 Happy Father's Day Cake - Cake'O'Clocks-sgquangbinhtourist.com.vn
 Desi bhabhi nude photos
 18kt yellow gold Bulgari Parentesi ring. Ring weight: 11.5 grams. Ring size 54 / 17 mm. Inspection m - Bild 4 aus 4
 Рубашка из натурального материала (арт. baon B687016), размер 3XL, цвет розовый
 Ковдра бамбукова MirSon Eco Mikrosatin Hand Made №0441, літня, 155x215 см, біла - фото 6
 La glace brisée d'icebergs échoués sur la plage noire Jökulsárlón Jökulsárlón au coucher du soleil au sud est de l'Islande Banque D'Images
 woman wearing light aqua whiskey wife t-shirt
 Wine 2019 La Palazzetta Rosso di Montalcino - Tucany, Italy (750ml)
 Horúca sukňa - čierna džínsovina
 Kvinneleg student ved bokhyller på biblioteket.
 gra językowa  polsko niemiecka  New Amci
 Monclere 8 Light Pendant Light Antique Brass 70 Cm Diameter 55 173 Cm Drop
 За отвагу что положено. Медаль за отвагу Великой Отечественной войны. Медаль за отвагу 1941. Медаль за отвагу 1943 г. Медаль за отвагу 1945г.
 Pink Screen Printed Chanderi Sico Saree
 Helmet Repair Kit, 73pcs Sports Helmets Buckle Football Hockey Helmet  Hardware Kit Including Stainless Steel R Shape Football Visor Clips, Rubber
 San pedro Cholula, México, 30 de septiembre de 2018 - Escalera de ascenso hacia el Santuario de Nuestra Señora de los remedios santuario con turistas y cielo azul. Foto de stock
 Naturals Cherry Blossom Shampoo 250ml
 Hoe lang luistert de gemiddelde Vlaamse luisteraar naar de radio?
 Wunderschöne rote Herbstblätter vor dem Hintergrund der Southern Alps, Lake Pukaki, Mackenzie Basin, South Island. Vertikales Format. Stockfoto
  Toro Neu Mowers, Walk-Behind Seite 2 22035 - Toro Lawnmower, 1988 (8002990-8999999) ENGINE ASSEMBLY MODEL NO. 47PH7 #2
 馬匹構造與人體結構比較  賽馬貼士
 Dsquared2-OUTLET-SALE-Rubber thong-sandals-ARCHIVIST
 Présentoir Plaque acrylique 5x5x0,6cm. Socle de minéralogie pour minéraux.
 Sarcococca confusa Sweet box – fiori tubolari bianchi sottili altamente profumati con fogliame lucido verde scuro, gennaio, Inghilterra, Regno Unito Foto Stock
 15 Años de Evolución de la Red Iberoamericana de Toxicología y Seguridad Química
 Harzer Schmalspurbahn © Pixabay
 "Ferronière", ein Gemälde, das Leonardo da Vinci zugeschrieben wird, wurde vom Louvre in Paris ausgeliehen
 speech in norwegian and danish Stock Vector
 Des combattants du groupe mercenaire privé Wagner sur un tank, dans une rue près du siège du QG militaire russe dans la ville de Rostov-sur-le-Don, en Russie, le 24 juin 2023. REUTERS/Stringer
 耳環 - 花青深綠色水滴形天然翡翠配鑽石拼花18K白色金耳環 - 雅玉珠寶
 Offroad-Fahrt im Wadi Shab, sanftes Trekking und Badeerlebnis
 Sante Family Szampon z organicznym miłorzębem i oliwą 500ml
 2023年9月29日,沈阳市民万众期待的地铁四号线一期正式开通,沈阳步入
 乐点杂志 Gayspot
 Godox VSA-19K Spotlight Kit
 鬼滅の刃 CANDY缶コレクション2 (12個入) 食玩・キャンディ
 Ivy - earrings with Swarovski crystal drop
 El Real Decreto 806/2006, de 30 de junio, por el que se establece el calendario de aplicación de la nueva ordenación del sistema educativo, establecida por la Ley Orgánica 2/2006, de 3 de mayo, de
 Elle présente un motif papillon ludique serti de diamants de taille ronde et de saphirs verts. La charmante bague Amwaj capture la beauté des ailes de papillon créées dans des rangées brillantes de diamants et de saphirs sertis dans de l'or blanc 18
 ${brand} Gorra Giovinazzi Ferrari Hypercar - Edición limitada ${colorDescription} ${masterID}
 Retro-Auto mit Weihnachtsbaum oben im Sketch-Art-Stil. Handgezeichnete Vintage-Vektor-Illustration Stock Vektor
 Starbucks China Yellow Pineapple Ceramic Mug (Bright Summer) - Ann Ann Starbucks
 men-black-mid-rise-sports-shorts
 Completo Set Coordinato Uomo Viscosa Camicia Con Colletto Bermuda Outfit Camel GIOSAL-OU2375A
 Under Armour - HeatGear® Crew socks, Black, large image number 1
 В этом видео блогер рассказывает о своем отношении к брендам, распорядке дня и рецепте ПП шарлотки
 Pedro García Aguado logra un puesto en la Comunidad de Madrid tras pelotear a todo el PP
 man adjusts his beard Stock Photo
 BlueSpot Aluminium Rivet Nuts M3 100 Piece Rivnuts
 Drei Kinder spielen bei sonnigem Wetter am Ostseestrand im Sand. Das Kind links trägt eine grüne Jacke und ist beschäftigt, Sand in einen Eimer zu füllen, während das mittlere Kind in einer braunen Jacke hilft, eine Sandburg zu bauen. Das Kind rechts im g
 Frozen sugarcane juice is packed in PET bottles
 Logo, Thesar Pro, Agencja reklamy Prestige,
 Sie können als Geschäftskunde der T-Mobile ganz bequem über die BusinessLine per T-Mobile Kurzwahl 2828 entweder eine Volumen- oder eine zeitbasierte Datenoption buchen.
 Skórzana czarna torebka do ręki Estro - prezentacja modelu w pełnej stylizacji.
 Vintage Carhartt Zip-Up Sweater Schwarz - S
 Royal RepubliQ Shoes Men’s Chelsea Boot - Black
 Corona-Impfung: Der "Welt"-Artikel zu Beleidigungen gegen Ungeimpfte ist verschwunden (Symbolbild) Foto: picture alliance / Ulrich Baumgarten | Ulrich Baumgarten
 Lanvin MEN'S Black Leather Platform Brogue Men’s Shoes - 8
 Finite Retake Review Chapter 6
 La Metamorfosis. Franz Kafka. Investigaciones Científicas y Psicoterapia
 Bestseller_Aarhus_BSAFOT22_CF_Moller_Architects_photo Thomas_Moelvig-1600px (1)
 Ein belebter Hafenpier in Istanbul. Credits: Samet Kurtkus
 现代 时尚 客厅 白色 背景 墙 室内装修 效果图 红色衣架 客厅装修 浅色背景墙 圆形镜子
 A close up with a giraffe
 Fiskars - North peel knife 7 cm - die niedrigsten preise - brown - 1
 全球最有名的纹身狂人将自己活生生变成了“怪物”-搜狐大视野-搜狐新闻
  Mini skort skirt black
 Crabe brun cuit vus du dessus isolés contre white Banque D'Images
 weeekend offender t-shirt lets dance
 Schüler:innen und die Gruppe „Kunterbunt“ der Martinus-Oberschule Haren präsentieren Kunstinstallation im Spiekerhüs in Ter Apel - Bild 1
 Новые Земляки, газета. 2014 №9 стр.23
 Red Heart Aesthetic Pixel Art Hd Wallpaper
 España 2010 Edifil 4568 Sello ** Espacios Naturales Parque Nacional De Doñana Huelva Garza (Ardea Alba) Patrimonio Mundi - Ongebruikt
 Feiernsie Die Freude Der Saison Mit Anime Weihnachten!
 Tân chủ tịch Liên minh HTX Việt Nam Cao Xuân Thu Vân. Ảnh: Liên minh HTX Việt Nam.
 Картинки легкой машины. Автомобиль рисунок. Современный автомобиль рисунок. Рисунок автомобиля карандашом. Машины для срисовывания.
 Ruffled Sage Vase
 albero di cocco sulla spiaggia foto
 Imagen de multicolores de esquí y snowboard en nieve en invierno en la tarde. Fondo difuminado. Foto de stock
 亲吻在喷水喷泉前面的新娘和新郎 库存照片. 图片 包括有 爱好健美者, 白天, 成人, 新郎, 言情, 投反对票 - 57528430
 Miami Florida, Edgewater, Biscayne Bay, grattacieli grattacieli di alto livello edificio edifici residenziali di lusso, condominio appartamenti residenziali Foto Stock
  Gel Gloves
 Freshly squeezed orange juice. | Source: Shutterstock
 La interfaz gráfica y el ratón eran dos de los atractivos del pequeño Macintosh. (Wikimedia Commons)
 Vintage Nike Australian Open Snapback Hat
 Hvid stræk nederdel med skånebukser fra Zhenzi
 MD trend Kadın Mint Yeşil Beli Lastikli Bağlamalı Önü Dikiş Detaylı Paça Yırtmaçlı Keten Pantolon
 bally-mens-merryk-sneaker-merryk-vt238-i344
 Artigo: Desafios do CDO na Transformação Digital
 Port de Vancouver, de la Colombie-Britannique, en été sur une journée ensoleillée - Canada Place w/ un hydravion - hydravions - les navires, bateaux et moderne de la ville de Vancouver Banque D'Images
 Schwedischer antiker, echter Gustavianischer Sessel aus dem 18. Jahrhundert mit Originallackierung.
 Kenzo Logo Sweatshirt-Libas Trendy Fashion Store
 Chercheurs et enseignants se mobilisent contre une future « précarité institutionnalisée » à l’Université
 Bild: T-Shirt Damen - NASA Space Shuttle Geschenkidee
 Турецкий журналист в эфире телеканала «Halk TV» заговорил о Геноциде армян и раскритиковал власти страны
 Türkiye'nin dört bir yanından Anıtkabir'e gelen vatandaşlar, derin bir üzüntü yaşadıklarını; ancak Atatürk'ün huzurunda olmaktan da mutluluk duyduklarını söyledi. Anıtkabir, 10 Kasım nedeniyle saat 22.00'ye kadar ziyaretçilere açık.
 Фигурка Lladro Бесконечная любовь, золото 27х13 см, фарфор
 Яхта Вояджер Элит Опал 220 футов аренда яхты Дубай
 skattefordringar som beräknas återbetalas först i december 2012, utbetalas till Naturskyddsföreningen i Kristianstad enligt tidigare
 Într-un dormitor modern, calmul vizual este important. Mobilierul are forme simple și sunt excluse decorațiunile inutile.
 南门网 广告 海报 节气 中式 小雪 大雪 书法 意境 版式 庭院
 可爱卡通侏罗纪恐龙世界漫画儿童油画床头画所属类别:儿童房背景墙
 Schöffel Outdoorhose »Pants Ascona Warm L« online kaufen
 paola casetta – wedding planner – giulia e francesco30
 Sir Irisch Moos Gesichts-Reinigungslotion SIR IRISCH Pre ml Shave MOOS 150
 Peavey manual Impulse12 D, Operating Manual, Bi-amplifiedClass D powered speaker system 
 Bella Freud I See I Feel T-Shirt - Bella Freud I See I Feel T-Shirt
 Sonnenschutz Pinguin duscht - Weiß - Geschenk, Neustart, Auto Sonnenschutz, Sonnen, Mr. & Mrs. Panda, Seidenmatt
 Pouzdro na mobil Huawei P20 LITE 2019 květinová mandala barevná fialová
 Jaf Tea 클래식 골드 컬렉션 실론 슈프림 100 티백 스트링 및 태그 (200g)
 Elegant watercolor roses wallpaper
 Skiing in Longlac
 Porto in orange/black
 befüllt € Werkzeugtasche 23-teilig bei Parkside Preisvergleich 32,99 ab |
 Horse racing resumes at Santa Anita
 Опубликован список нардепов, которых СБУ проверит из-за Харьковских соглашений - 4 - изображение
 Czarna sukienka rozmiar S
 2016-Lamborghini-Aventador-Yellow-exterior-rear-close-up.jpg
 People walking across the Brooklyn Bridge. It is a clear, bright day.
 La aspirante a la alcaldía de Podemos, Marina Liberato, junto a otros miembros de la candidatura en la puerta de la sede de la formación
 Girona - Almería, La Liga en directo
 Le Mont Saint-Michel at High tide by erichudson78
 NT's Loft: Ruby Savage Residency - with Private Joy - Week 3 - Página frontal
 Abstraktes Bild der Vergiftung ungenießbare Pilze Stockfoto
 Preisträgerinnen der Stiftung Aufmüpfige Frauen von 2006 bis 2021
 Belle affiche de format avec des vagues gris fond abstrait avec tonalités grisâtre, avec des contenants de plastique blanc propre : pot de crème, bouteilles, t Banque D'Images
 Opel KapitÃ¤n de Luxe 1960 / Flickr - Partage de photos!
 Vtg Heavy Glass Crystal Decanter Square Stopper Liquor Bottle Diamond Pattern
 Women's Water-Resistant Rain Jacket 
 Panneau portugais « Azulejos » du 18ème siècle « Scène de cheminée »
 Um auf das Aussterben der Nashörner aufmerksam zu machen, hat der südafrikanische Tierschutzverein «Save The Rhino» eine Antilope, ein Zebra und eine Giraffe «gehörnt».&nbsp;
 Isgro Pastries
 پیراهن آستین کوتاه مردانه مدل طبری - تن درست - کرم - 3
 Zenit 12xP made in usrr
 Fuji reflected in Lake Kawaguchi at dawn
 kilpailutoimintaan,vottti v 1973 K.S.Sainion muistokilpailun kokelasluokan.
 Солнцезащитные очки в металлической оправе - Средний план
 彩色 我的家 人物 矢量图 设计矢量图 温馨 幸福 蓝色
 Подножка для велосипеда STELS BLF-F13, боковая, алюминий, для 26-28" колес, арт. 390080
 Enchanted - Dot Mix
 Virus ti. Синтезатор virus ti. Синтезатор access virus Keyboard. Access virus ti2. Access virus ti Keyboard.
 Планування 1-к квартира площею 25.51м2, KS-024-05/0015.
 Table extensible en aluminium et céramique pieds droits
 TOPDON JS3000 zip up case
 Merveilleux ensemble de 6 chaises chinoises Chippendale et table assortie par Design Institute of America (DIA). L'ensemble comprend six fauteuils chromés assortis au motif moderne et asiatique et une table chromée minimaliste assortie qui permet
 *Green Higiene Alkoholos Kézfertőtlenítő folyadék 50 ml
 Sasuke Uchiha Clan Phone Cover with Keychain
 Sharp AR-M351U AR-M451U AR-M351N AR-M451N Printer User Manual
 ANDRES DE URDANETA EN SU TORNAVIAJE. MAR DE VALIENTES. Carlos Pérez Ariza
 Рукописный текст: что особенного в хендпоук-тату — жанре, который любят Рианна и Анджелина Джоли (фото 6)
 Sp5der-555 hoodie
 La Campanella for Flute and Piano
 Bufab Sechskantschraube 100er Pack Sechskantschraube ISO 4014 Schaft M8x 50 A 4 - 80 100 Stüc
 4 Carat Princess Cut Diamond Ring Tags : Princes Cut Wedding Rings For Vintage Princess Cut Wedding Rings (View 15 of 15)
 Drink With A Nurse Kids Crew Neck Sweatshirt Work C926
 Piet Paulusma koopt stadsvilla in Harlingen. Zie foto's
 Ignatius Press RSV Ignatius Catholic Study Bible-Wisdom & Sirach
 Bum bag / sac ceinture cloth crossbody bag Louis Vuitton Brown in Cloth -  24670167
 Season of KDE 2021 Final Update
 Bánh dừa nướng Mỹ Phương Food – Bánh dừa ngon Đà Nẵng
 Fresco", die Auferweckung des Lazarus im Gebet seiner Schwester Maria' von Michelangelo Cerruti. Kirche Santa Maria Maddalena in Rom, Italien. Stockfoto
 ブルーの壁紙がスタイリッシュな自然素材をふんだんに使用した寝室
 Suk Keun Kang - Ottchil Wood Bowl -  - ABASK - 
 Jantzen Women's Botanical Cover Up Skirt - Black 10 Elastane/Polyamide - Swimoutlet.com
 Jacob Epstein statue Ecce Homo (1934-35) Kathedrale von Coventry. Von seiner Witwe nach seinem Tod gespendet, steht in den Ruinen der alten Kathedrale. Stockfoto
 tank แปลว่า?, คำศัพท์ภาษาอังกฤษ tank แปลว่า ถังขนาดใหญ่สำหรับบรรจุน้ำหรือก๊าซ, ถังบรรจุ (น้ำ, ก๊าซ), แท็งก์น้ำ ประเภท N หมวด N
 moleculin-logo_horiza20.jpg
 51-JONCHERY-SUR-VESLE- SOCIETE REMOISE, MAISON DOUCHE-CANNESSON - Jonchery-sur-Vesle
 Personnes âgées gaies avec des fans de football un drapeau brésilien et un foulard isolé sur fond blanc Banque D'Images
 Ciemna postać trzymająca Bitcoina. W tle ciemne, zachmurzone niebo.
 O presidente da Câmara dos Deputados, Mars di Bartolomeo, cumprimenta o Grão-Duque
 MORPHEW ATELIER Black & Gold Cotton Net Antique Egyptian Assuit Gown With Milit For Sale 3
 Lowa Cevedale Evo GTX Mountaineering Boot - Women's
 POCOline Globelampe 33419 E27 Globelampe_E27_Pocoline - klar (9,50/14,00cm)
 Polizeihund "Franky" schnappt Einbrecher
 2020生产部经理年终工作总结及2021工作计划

● **Exercise brief**
Once you reach the line with "ブルーの壁紙がスタイリッシュな自然素材をふんだんに使用した寝室" in the data above, copy it and every line after it exactly, up to and including the line with "Jacob Epstein statue".

● **Response to the task**
 ブルーの壁紙がスタイリッシュな自然素材をふんだんに使用した寝室
 Suk Keun Kang - Ottchil Wood Bowl -  - ABASK - 
 Jantzen Women's Botanical Cover Up Skirt - Black 10 Elastane/Polyamide - Swimoutlet.com
 Jacob Epstein statue Ecce Homo (1934-35) Kathedrale von Coventry. Von seiner Witwe nach seinem Tod gespendet, steht in den Ruinen der alten Kathedrale. Stockfoto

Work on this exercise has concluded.